▸ **Stored data**:
■ ■ ■ ■ ■ ■ ■
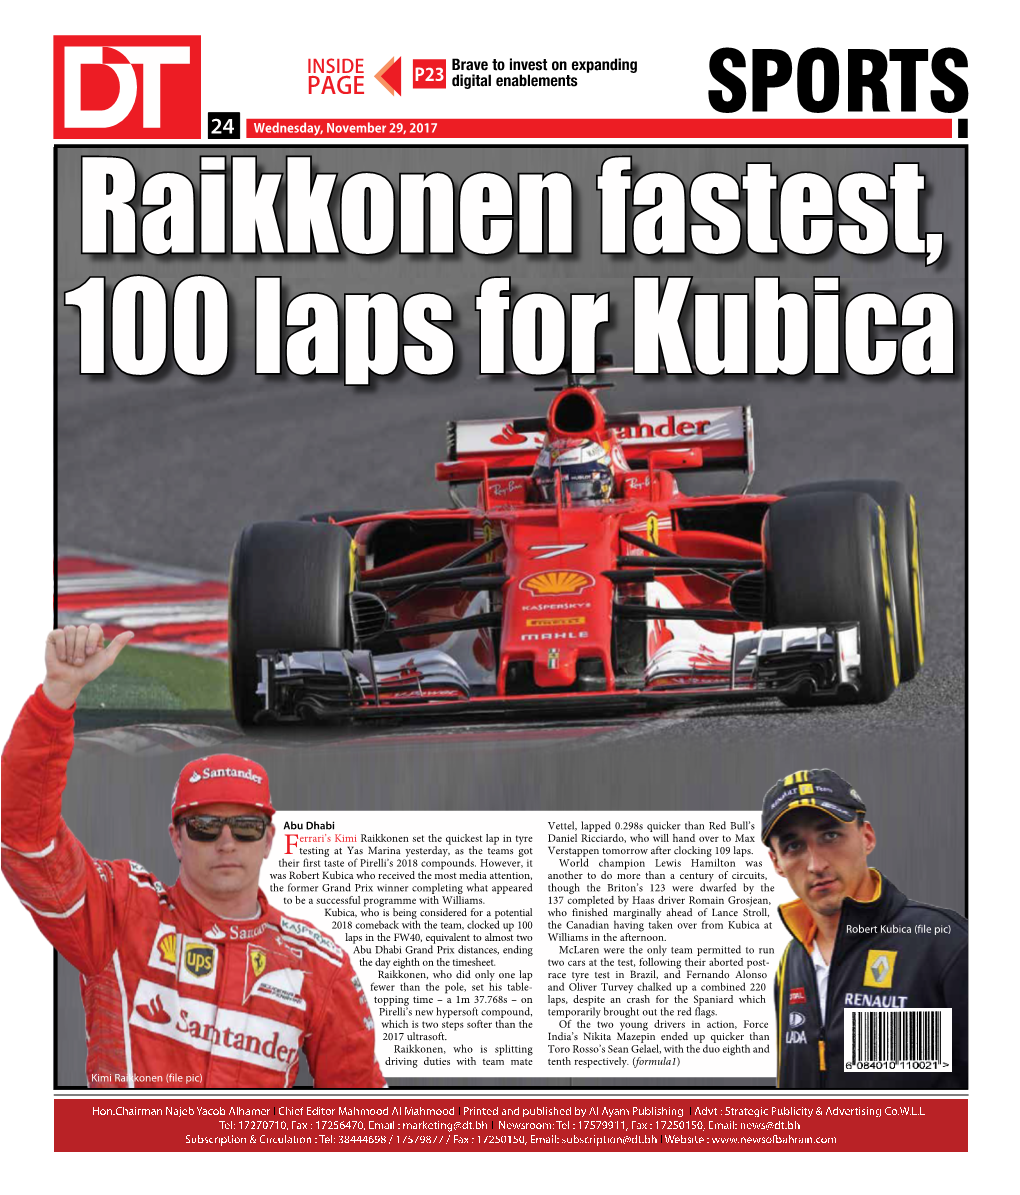 SPORTS 2424 Wednesday, November 29, 2017 Raikkonen Fastest, 100 Laps for Kubica
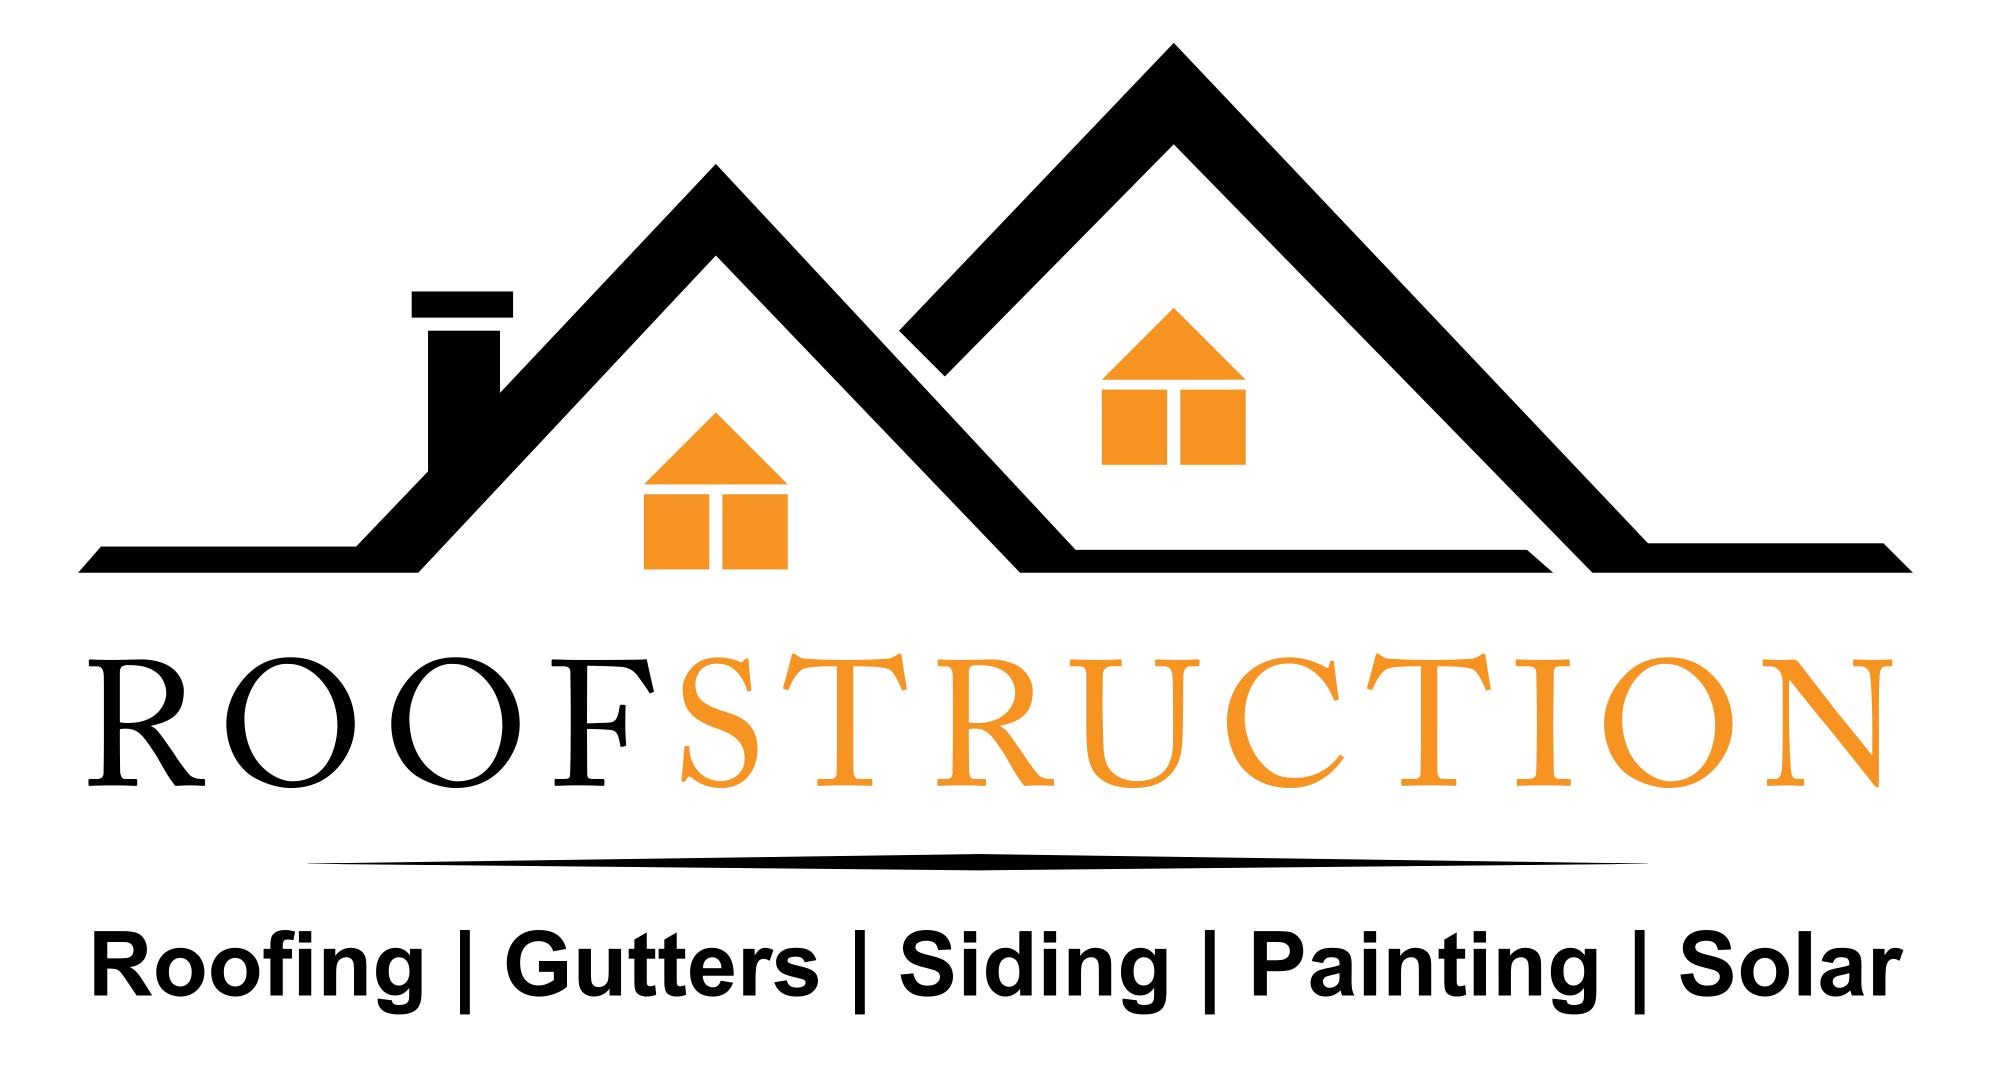 Roofstruction Logo
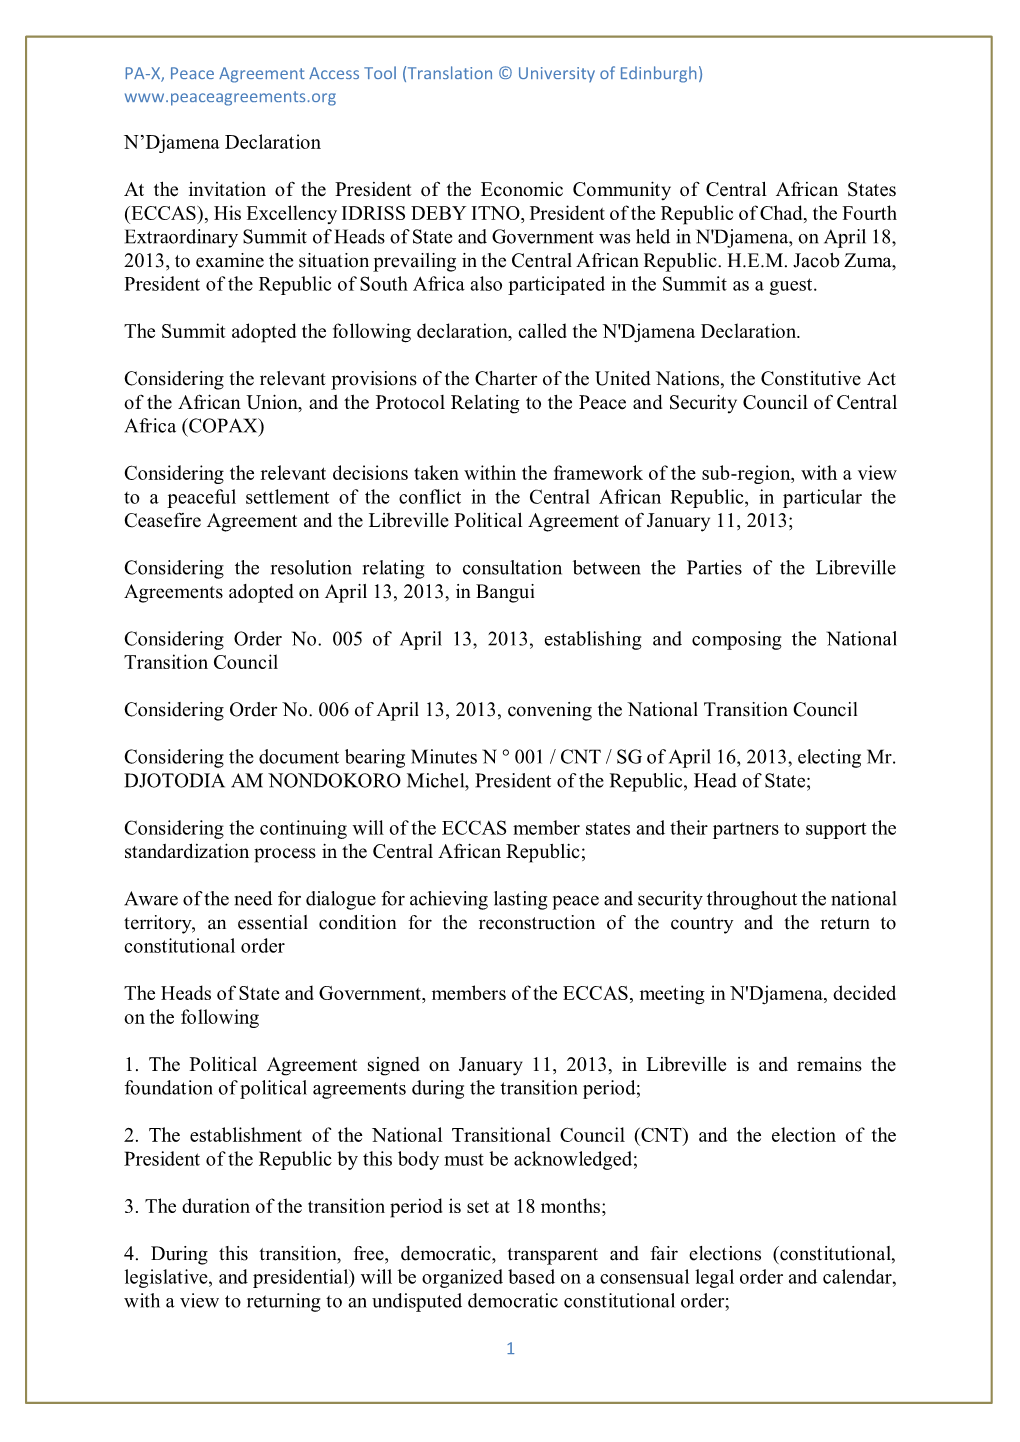 Declaration of N'djamena
■ ■ ■ ■ ■ ■ ■
▸ **Task**: Everything in the listing is to be returned word for word, except the pictures.

▸ **Result of the exercise**:
 SPORTS 2424 Wednesday, November 29, 2017 Raikkonen Fastest, 100 Laps for Kubica
 Roofstruction Logo
 Declaration of N'djamena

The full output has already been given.